Im not upset. Theres not a fee to solicit here and we dont go door to door. I dont see how kids shoveling in New Jersey takes work away from me in Connecticut.

They wouldve been able to put up yard signs or a craigslist ad. They just couldnt knock on doors. Just like we cant put flyers in mailboxes.

Shouldve paid more attention to the article. Cops bust teenagers implies they were arrested. The boys didnt pay a fine and werent arrested. They were told to stop knocking door to door because someone complained. The issue I have is the article is misleading. It goes on about free markets and fails to connect the two. Then along the way it talks how people or businesses shouldnt be regulated at all.


----------



## Diesel_brad (Sep 20, 2010)

Just the government wanting to get their hands in EVERYTHING


----------



## ppkgmsy (Jan 18, 2008)

I think part of the problem is that cops these days aren't usually part of a neighborhood. When I was a kid, the local cops knew everyone and everyone knew them. We kids had to call them "Officer" but I believe the adults were all on a first-name basis. They had a certain amount of freedom to allow things to slide that weren't hurting anyone. Like if a kid had a lemonaide stand, no one would expect him to get a vendors license. But if the kid started selling lemons by the dozen, the local grocery mght object and the cop would step in. I guess everything is "by the book now."

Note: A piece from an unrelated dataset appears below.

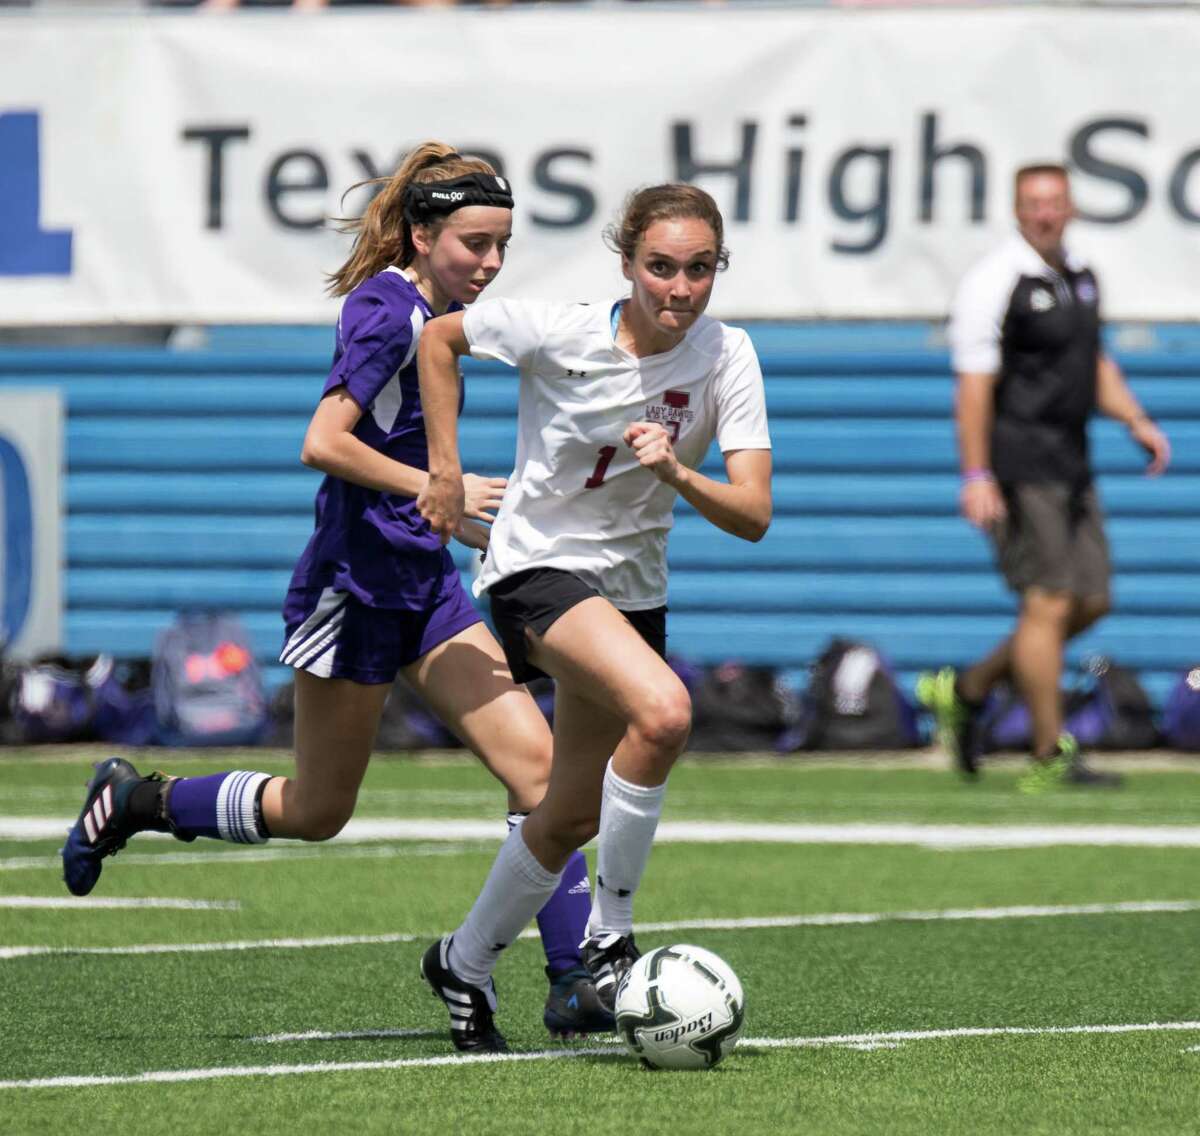 Jasper Bulldogs Julie Carter (1) looks to pass the ball across the middle during the Class 4A UIL girls soccer state semifinal game between the Jasper Bulldogs and the Boerne Greyhounds at Birkelbach Field in Georgetown, Texas, on April 12, 2017. Boerne won 2-1.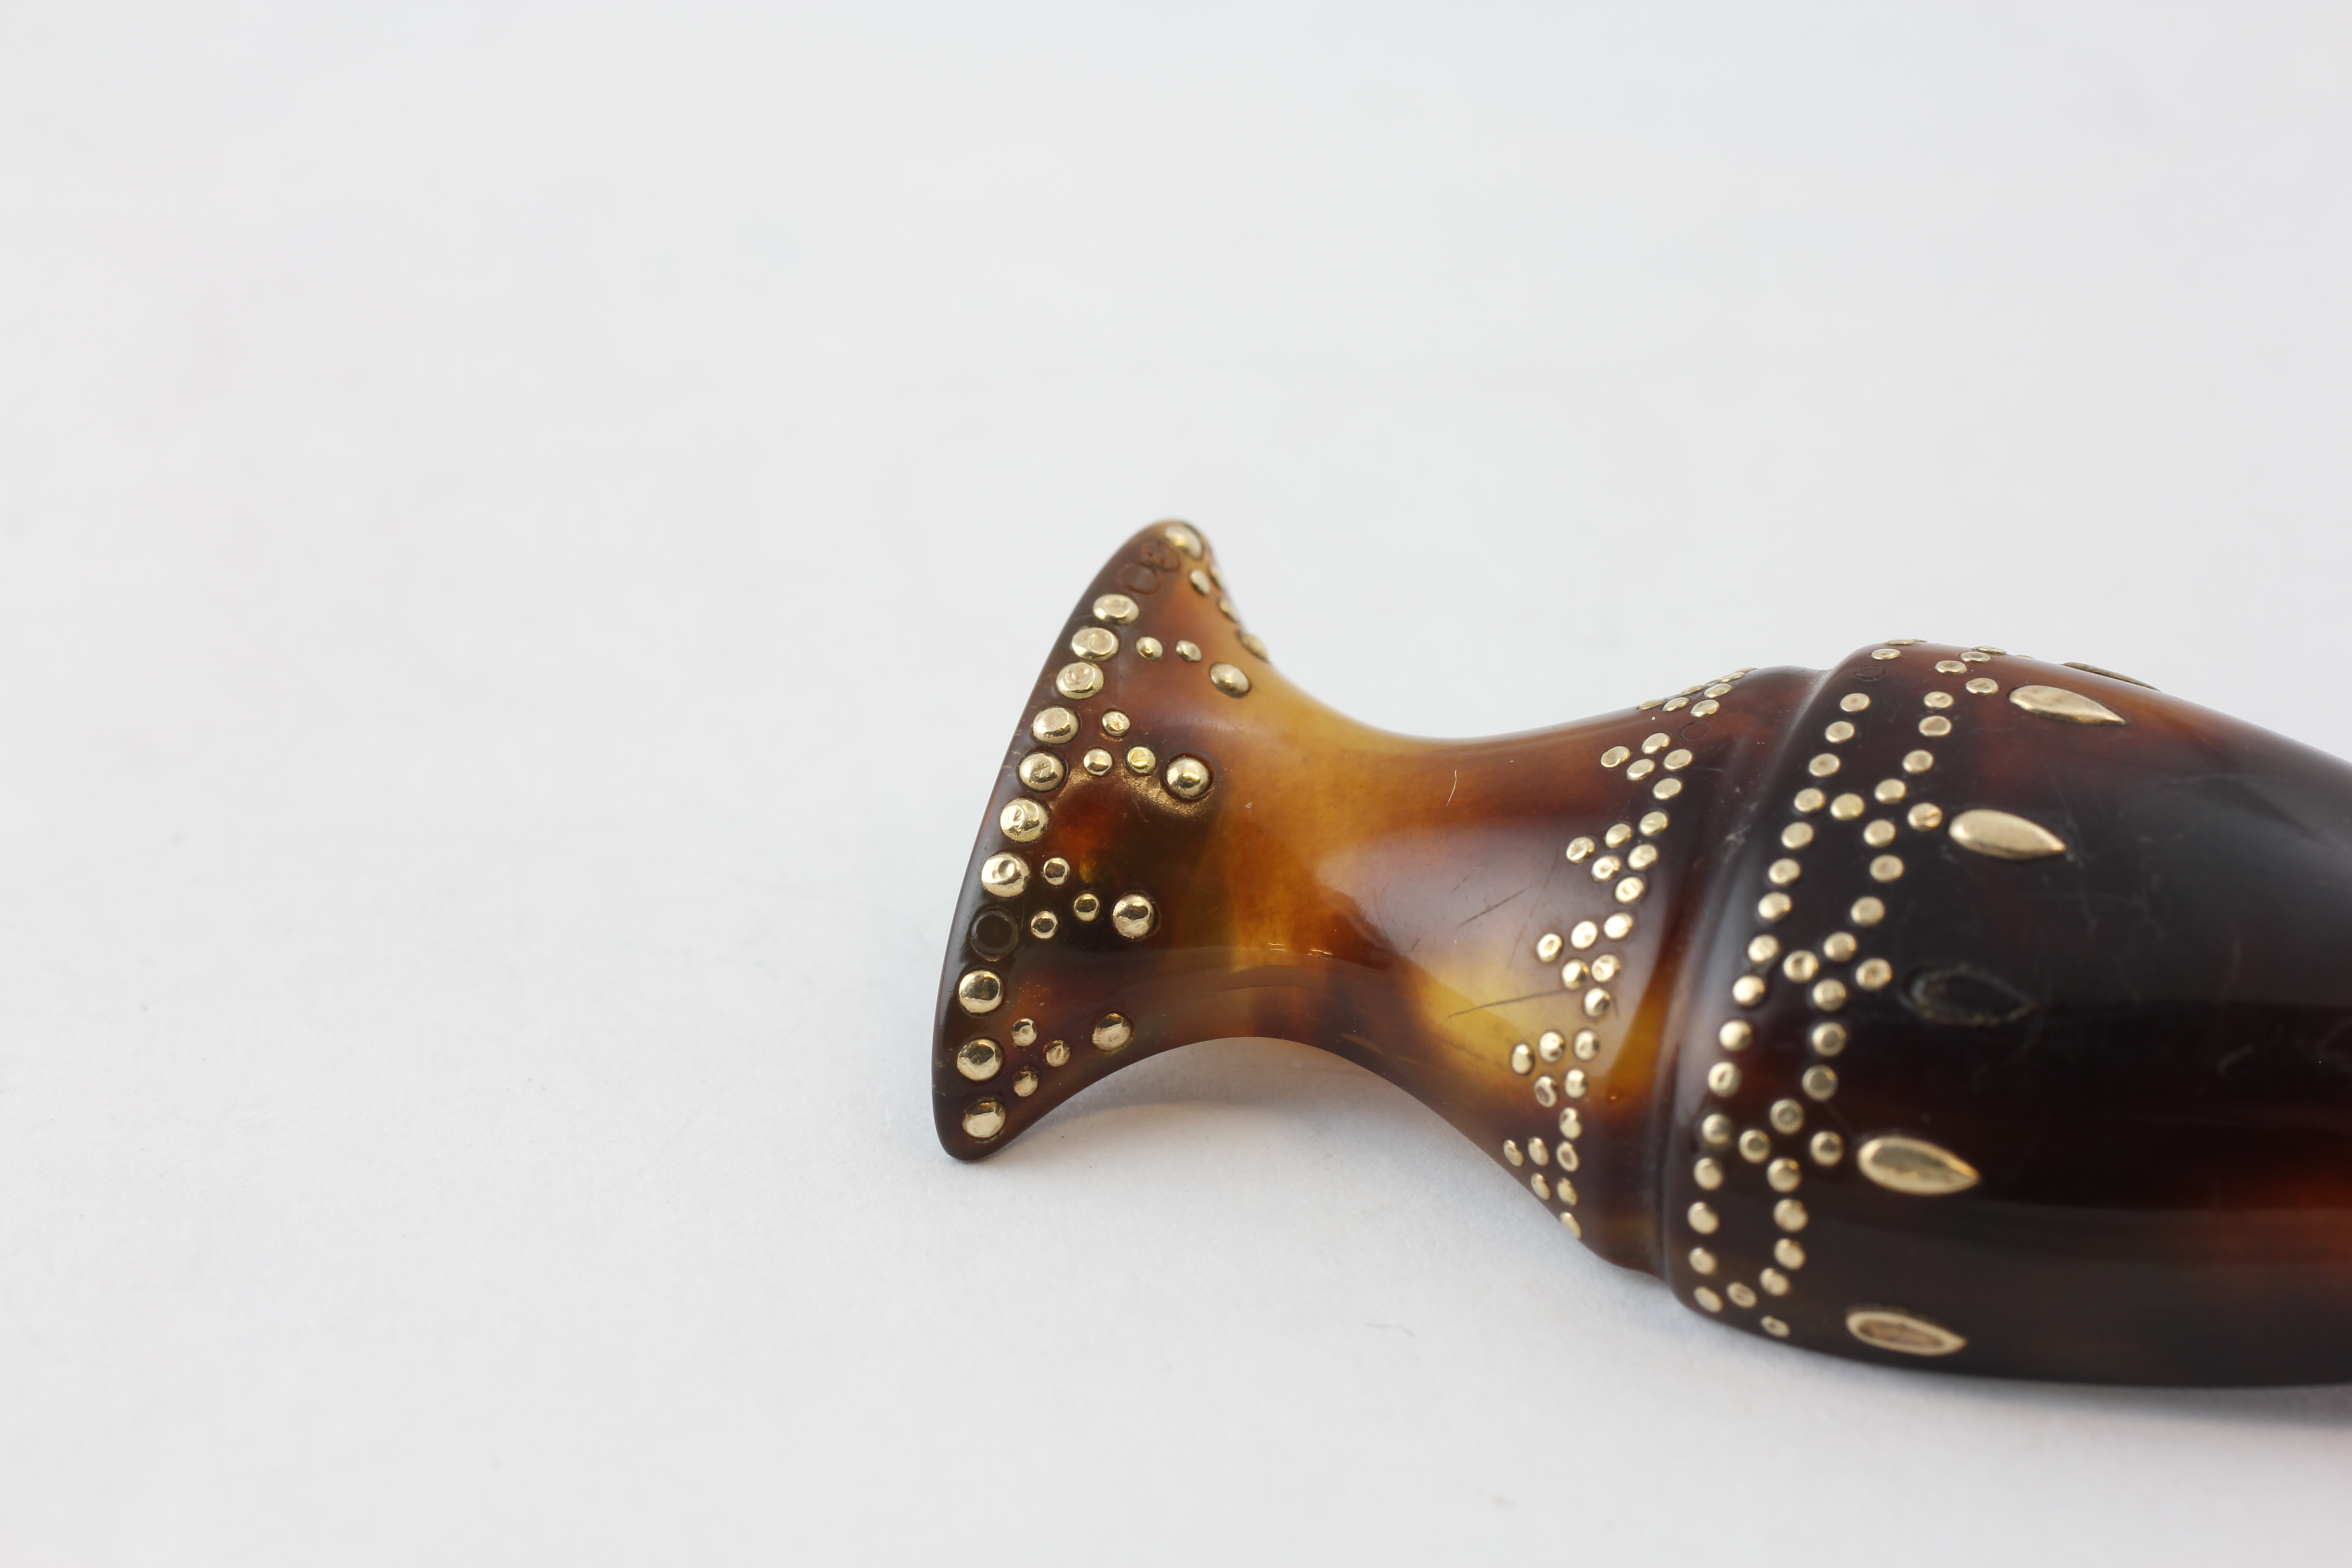 A TORTOISESHELL BROOCH INLAID WITH GOLD BEADING (SOME LOSSES) BROOCH LENGTH 59MM - Image 4 of 5

I still live in a small town and everyone knows the local cops. I bought a truck from one cop and a woodstove from another. They are held responsible in an informal way. After all, we all see each other on the street and our kids go to the same school.


----------



## On a Call (Jan 14, 2015)

Man am I glad I dodged that bullet years ago. 

With the strong unions around here I would have had my bike torched.


----------



## 32vld (Feb 4, 2011)

Just as with a kid selling lemonade is not going to put a restaurant out of business. Two HS boys are not going to put me out of business or take work away from me.

I get that people want someone that will show every storm this year and the years after.

The people that will hire me are willing to pay me well for the quality and dependability I provide.

The people that hire the HS boy's will never hire me because they are not will to pay my prices or commit to service for the whole season.


----------